Virtus, which was the target of ST Telemedia investment in June, now plans to rename the site VIRTUS LONDON4, adding to its already-existing Hayes and Enfield data centres.

Infinity opened its Slough facility in January 2014. The sale price has not been disclosed.

“LONDON4 is a great strategic fit for us as we already share a number of customers, and offer the same high quality operational model,” said Virtus CEO Neil Cresswell.


“We are committed to long term sustainable and scalable expansion and we were being asked by customers and prospects to offer additional locations, including Slough.”

The assets, employees and customers of the Infinity Slough data centre have all transferred to Virtus through the transaction.

The firm has said that the purchase “more than doubles” the capacity available to customers to around 35MW.

It was October when TechWeekEurope heard rumours of a sale, with sources claiming to have knowledge of the matter suggesting that a sale would come “due to a lack of capital funding” on Infinity’s behalf.

Infinity SDC was today keen to draw attention away from the sale, highlighting its plan to accelerate the development of its Infinity Stratford site at Here East.
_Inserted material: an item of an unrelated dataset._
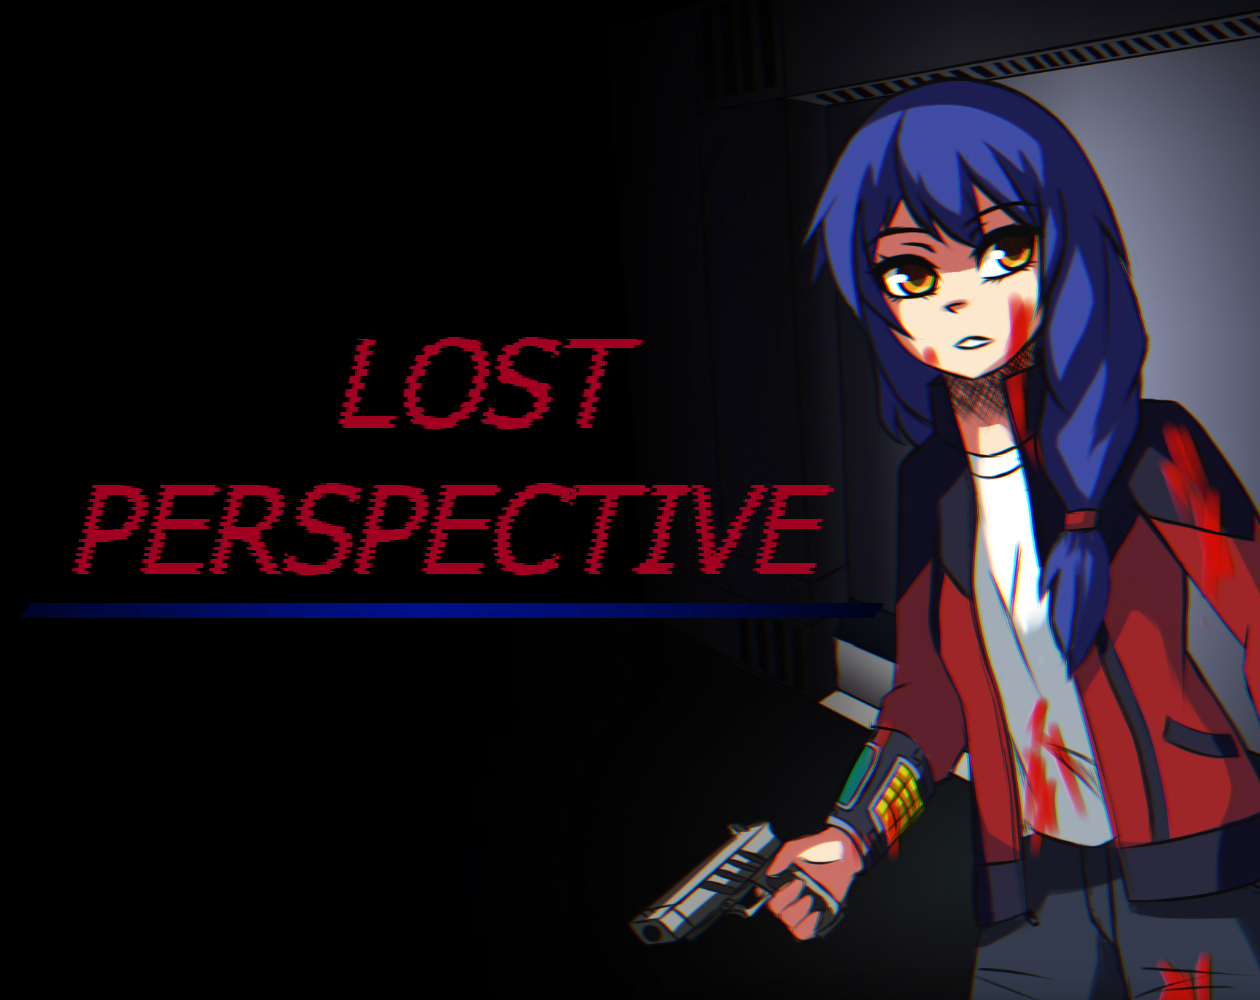 Lost Perspective by RoboAlpaca

The company said its Infinity Stratford data centre will be “one of the largest and most efficient data centres” in Europe.
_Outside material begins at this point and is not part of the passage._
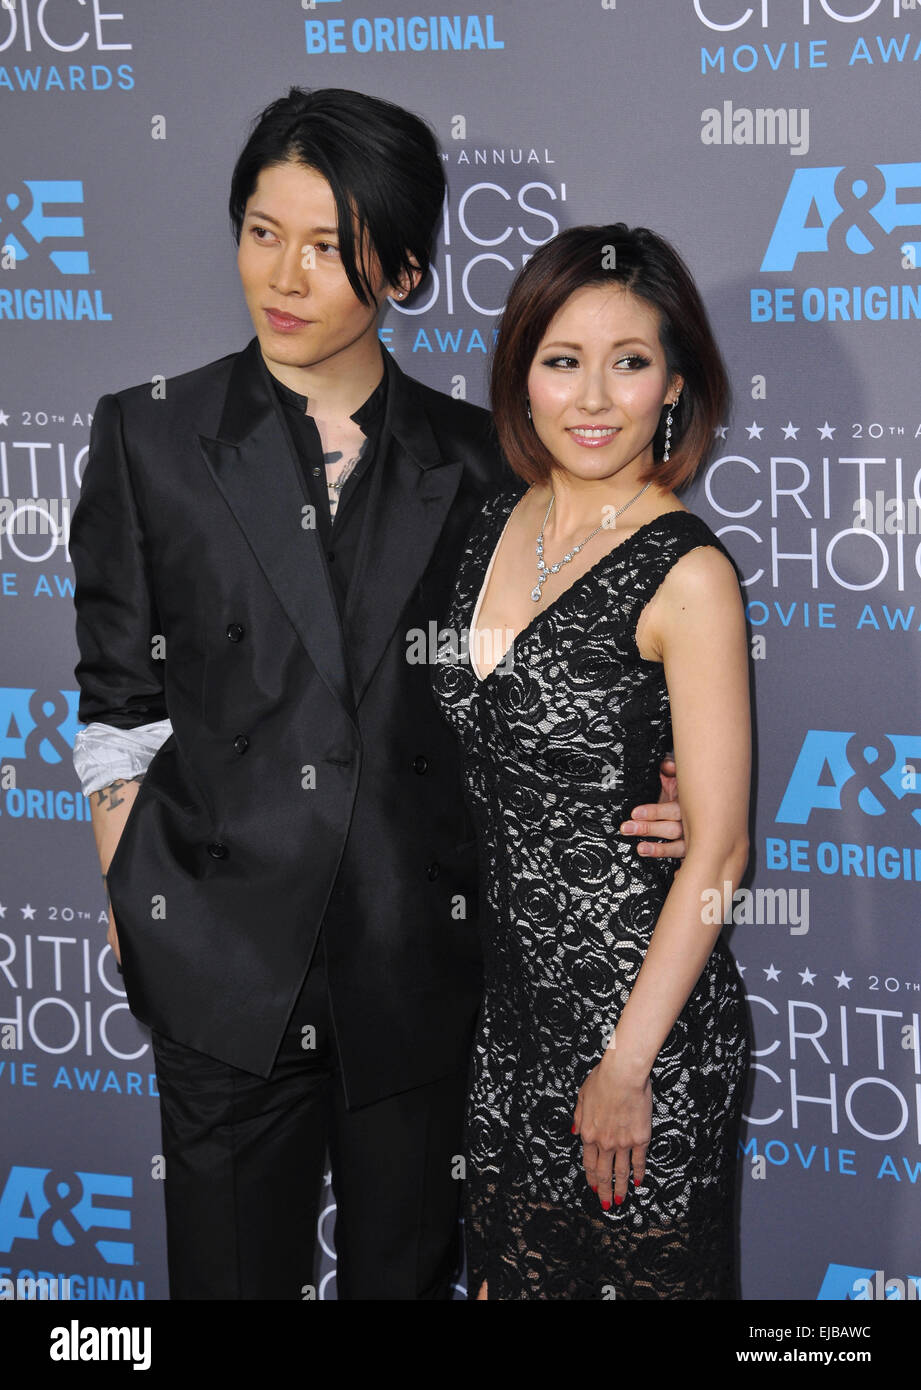 LOS ANGELES, CA - JANUARY 15, 2015: Takamasa Ishihara (Miyavi) & wife Melody Miyuki Ishikawa at the 20th Annual Critics' Choice Movie Awards at the Hollywood Palladium. Stock Photo

Bruno Lopez, ST Telemedia’s wholly owned subsidiary, STT GDC’s CEO said: “This investment will complement VIRTUS’ existing assets and strengthen its market position with extended reach in one of the largest European data centre markets. With the expansion of its current portfolio, VIRTUS will further enhance its value proposition to its customers leveraging ST Telemedia’s global data centre platform.”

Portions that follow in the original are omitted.